Elian Yahye and Sahar Afzal are the youth representatives of the Netherlands in the United Nations. They participated in V4T@Dakar to disseminate the mission of the UN and to connect to the youth.
At the V4T@Dakar festival (Senegal, 16 to 18 November 2017), we gave a workshop about Resolution 2250, the only resolution on youth by the Security Council. We wanted to see if the text of the document reflected the situation of young people in the Sahel, and more importantly if they could use the document as a tool to foster their work on the field of prevention of violent extremism and conflict resolution. Could a difficult, and sometimes abstract, document like Resolution 2250 really make an impact? All this was discussed in a small room at the Guediwaye Hip Hop Center in Dakar, with young people from all over the Sahel and from various backgrounds.
We started the atelier by giving some background information on the United Nations, the Security Council (UNSCR) and UNSCR Resolutions in general. After this we did a small thought exercise: if we had to write a resolution on Youth, Peace and Security, which issues should definitely be in this document?
We first heard about the different problems that were prevalent in the Sahel region, like terrorism, human trafficking and drug trafficking. When we discussed the root causes of these problems it became apparent that there was a direct link with poverty in the region, lack of opportunities for young people and the absence of education. It was clear that issues of security and safety could not be seen separately from development, and every attempt to tackle existing problems should always have a direct link to the improvement of living conditions of young people.
A more practical answer to the question about root causes was that ‘young people often do not have enough means to enjoy themselves’. It might seem odd, but if you invest in a strong social community, where young people learn to establish healthy friendships and develop interests in different skills and hobbies (like arts and making music), you actually make young people more resilient to extremist and violent ideas. The Guediwaye Hip Hop Center is a good example of this: positive hip hop as an antidote for extremism.
Video: Sahar Afzal in Dakar
Another important point that was raised during the workshop was the fact that a resolution on peace and security should also address the differences between rural and urban areas.
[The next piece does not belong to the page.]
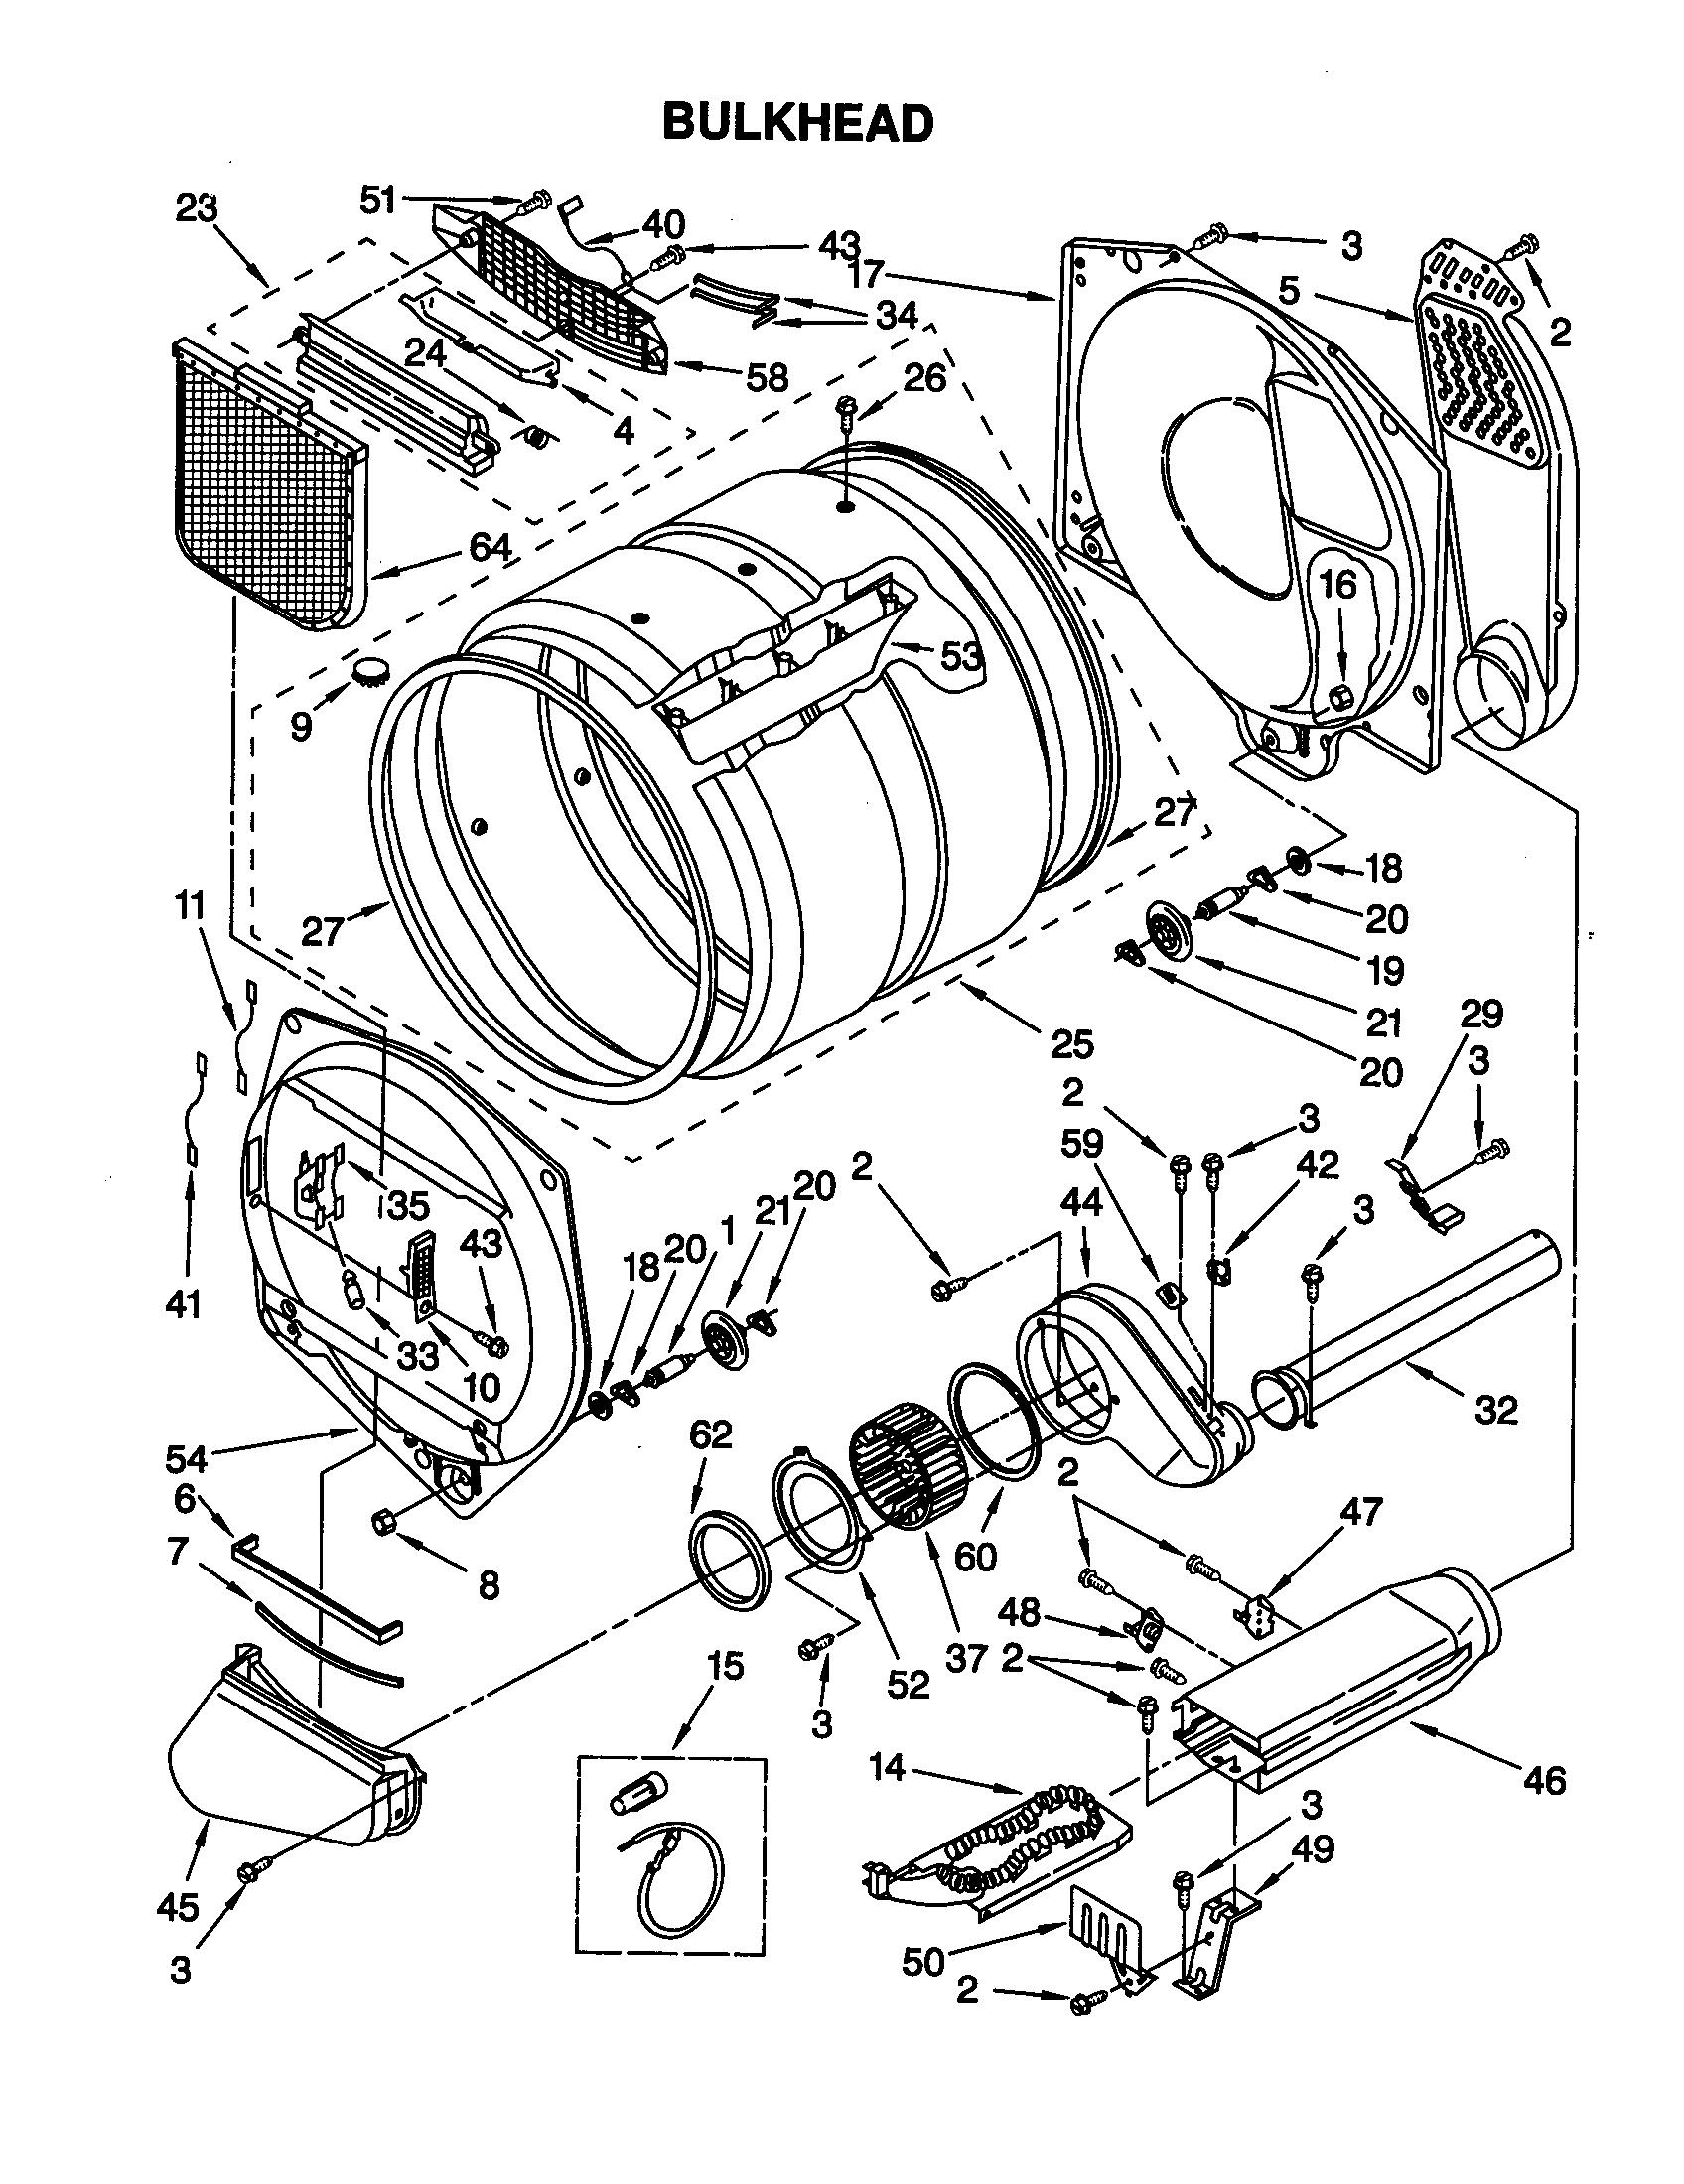 BULKHEAD Diagram & Parts List for Model 11069912990

Gang violence in large cities like Dakar is very different from conflicts concerning cattle and resources in rural parts of Sub-Sahar Africa. And widening inequalities between the city and the village also provided an important dimension in itself, resulting in migration and the movement of peoples. While we in European countries often like to call migration a ‘global problem’, most migration is actually not inter-continental, but happens inside Africa itself. Urbanization plays a key-role in this, which is why it should definitely be a part of every discussion concerning safety & security.
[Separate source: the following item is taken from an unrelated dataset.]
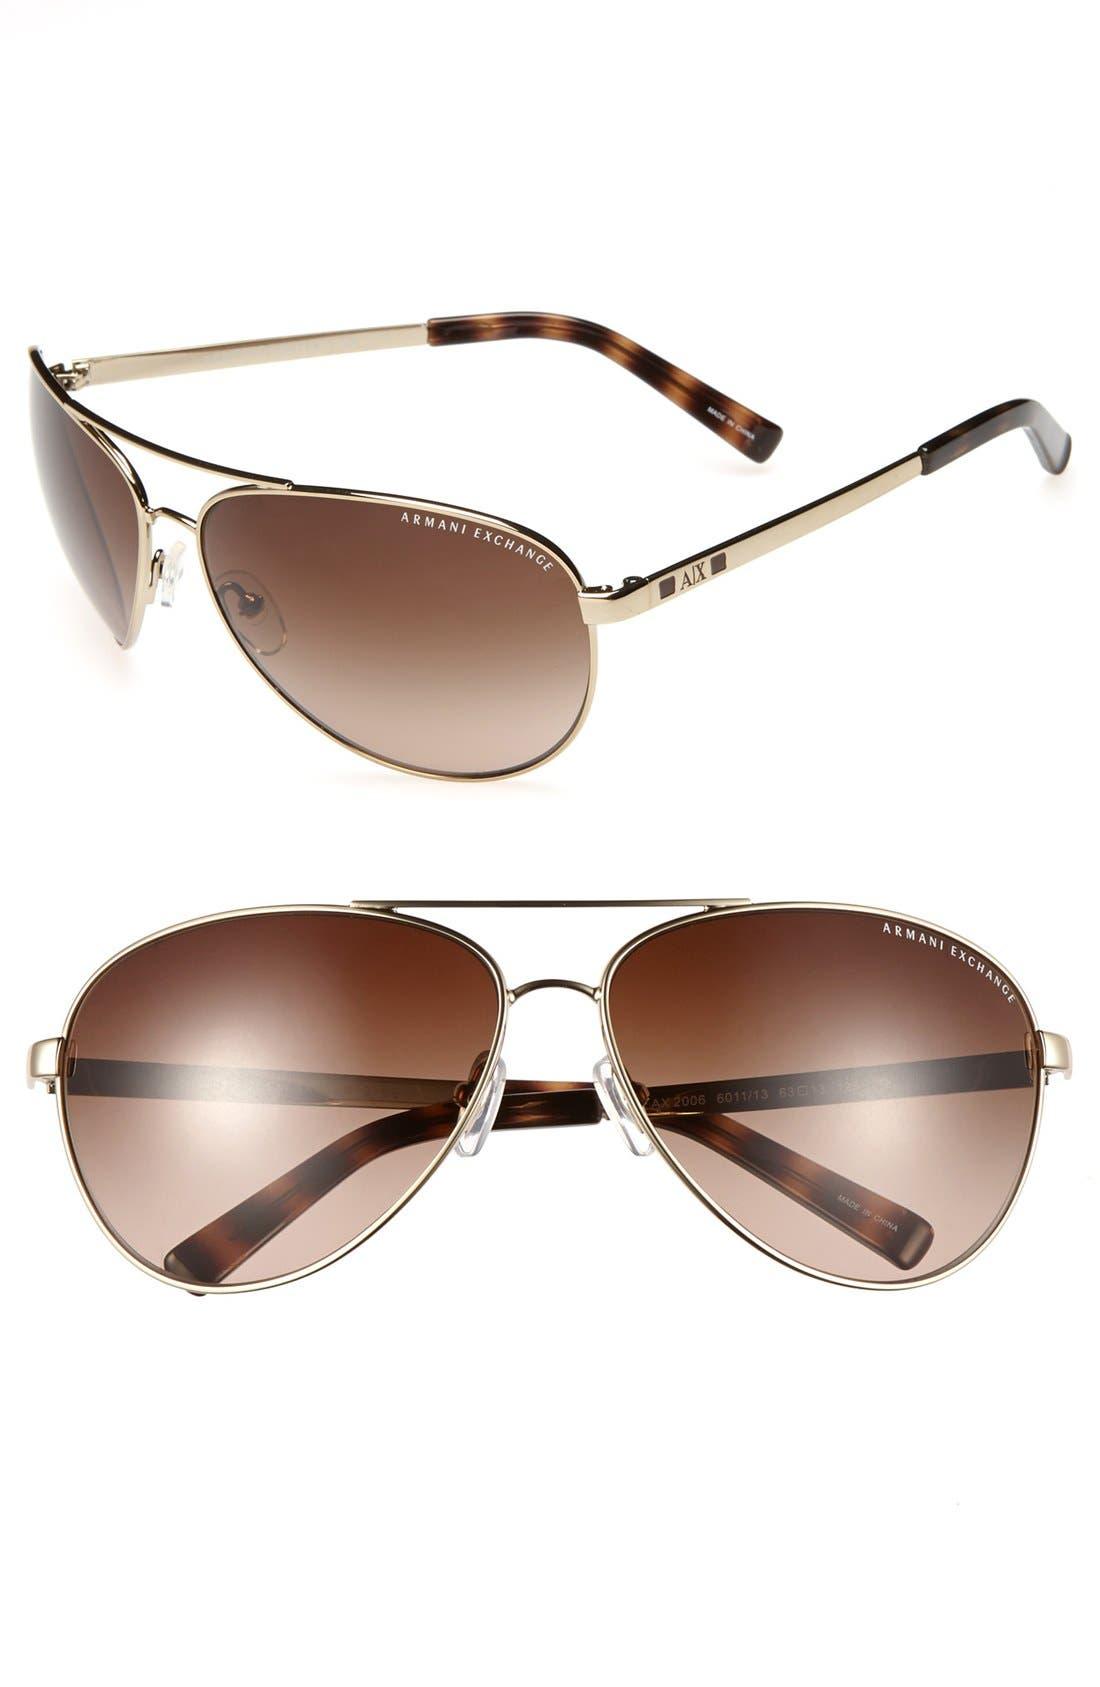 Main Image - AX Armani Exchange 63mm Aviator Sunglasses

In the second part of the atelier we focused on the resolution itself; what did the participants of the festival think about the recommendations of the resolution? While they were in general very happy with the message of the resolution and agreed with the things that were being stated – even though some aspects were missing – there was also some skepticism.
There were especially some remarks on the part of youth inclusion. What many of the participants saw in their countries was that ‘youth participation’ was a trendy and popular word, but unfortunately often limited to campaign slogans and promises. There were ways in which youth could become politically active and socially engaged, but mostly through established structures like the political parties. These were still very hierarchical and dominated by the older generations, young members often functioned as mouthpieces.
Video: Elian Yahye in Dakar
A large part of the youth population remained under-represented, especially those who weren’t part of the official channels, like the parties and national youth councils .
Unfortunately UN-documents like resolution 2250 often didn’t find their way to these young people (most of the participants had never even heard of this specific resolution). This resulted in the main advice: in order for these documents and resolutions to be relevant they should be accessible to the general public. This also meant that the UN should try to go off the beaten track a bit more often and focus less on official frameworks and institutions: since in the end tangible difference is being made on the ground, by independent youth initiatives like the Guediwaye Hip Hop Center. If the UN fails to involve them, a document like Resolution 2250 becomes just an addition to the gigantic pile of paperwork the UN is already known for. Rappers are known for the skill to breathe life and energy in written text, let’s give them the benefit of the doubt.